# Engine Lubrication?



## jjb727 (Apr 13, 2012)

How often should the locomotives (steam/diesel) be lubricated? I waned to learn how to do it, but I don't see very many youtube videos showing people like me how. I don't want to over do it and I certainly don't want to make mistakes. Thanks


----------



## shaygetz (Sep 23, 2007)

Once a year is usually enough...a very small drop at each axle bearing point (if metal to metal) and at each shaft bearing on the motor. A dab of light grease on the gears...make sure all lubricants are plastic compatible. The black plastic found at some bearing points is Delrin and needs no oil. A complete tear down is only necessary for very heavily used engines and shelf queens that see little run time.


----------



## Pfunmo (Feb 21, 2013)

Shay touches lightly on something that is often overlooked. Lots of us have found how hard it is on things like weedeaters if they are not used now and then. Same goes for model engines. Given a choice of an engine that has been run twice a year and an engine that has been on the shelf for years, I want the one that runs now and then. The grease and tiny amounts of oil get moved around and do their job much better than just setting still. 
Go very lightly on the oil and grease but run things once in a while also. Too much grease can get into the wrong spots and really be a pain. Electrical contact points are a spot to keep clean!


----------



## union pacific 844 (Jan 29, 2013)

is once a month over kill then ?


----------



## fs2k4pilot (Jan 5, 2013)

Perhaps, but it really depends on the amount of usage each loco gets.


----------



## jjb727 (Apr 13, 2012)

Anyone who knows current bachmann steam engine models, please let me know how to lubricate the following:

Bachmann Locos
1. 4-8-4 DCC on-board SF Northern
2. 4-8-4 DCC on-board Southern Pacific GS6 
3. 0-6-0 DC UP switcher
4- Two 4-4-0 Americans (UP and PRR)
5. NS GP50 High hood
6. UP F7A
8. Alaska RR (dont remember the engine model, but it comes with the McKinley Explorer set)

Life-Like:
1. Two SF GP38-2 High hoods
2. One UP GP38-2 High hood
Note: All 3 only have 1 power pick-up truck

Athearn:
1. SF yellow bonnet F7A
2. NVRR F7A
3. SP F7A

Walthers:
1. GP-38's (Burlington Northern, Santa Fe)


----------



## Pfunmo (Feb 21, 2013)

I would say once a month is most likely overkill. Unless one has an extreme like a show engine running pretty much full time, once a month is lots of work and potential for damage that I would avoid. It's a judgment call of course but most of the time engines require less. Oil and grease does not dry out that quickly and taking the cover off that often does have some danger involved even if it only involves rubbing the paint off! 
I would go for a once yearly , thorough job.


----------



## VESUVIO (Feb 11, 2013)

WOuld it be possible to illustrate the lubrication points with pictures? 
Thank you


----------



## DonR (Oct 18, 2012)

JJB

I can tell you how to lube the Bachmann F7..only

Look at the truck cover ends. You'll see a square that
locks over a small tab. Carefully pry this off at one end
and it will lift off. Apply just a dab of plastic friendly grease.

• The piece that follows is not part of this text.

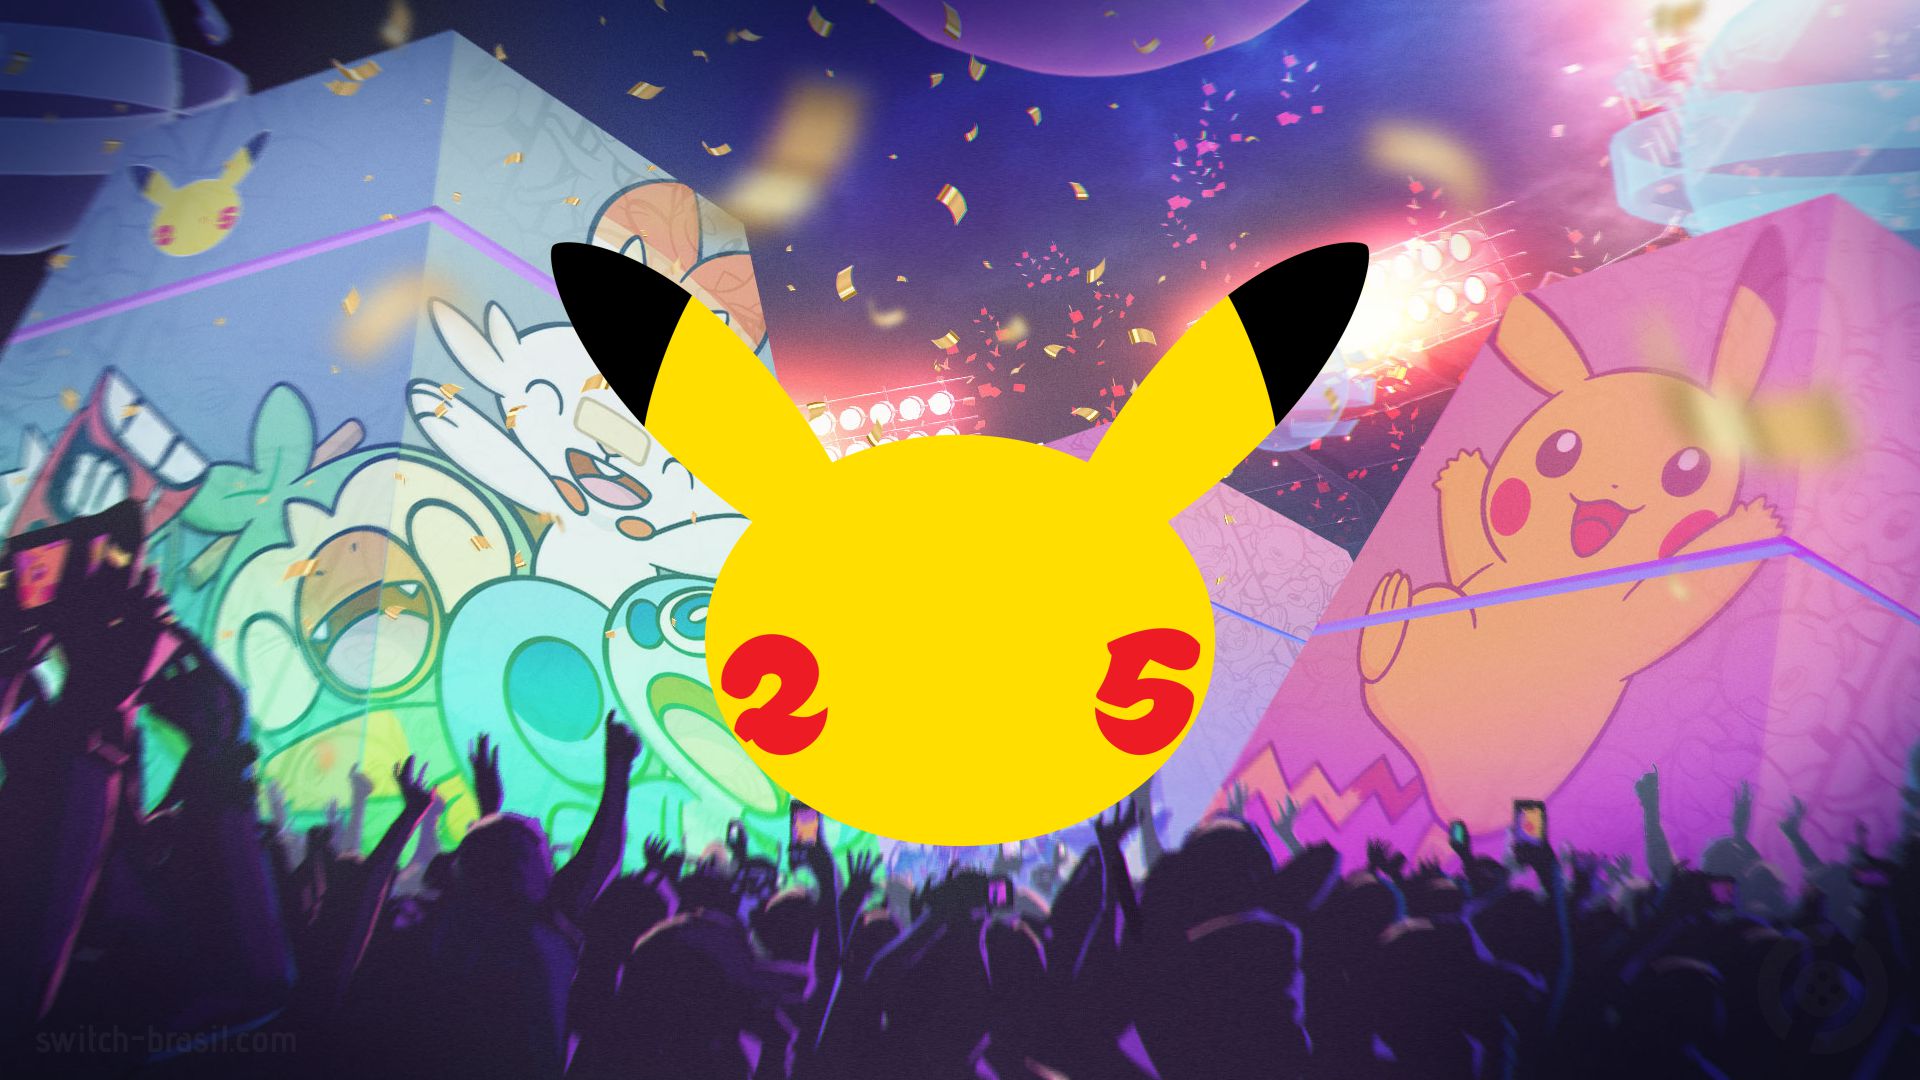 Comemorando os 25 anos com Celebrações do Pokémon Estampas Ilustradas
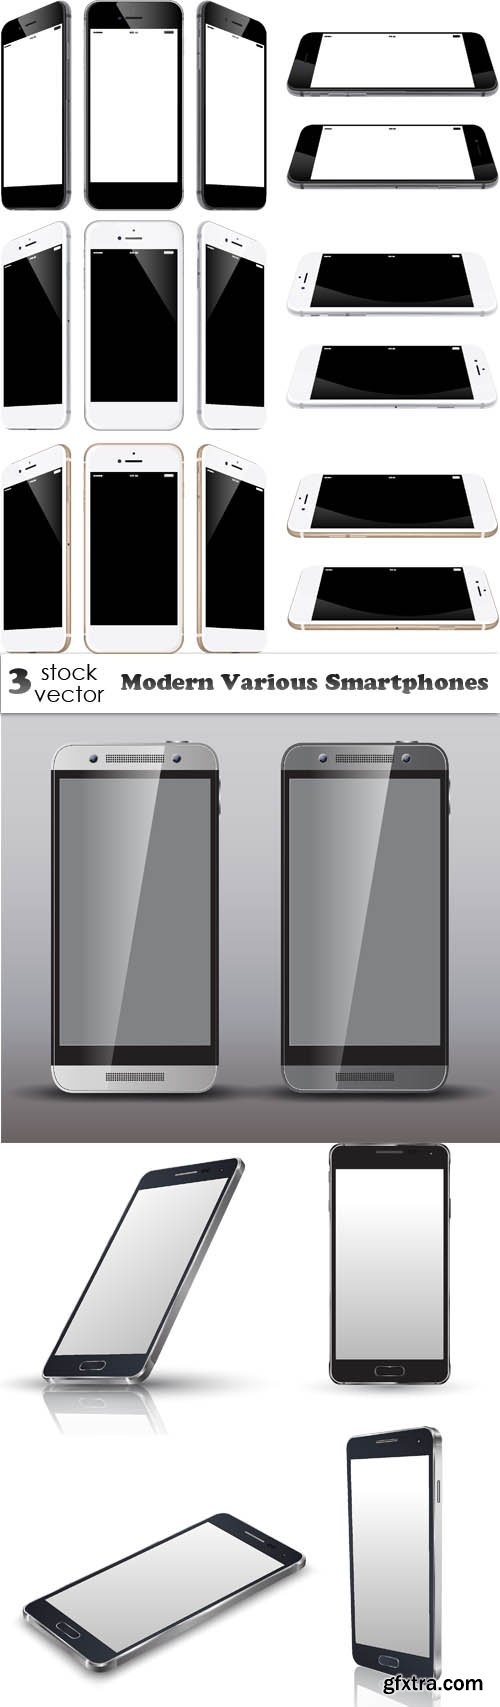 Vectors - Modern Various Smartphones

To lube the motor you have to take off the shell. There are
2 screws in front and back of fuel tank (not the screws in the tank).
Remove these and you'll have access. Plastic friendly oil.

Don


----------



## dwarven1 (Oct 7, 2013)

shaygetz said:


> Once a year is usually enough...a very small drop at each axle bearing point (if metal to metal) and at each shaft bearing on the motor. A dab of light grease on the gears...make sure all lubricants are *plastic compatible.*


Do you have any specific recommendations for plastic compatible lubricants? I tend to use either Tri-Flow or BreakFree on my firearms; would either of those oils be too thick? As for grease... only grease I have is RIG grease... which, I'm thinking, may be too thick, too.



Pfunmo said:


> Shay touches lightly on something that is often overlooked. Lots of us have found how hard it is on things like *weedeaters *if they are not used now and then.


I'm new to the world of model trains - what is a "weedeater"? Never heard that phrase before. Other than in relation to garden equipment, that is.


----------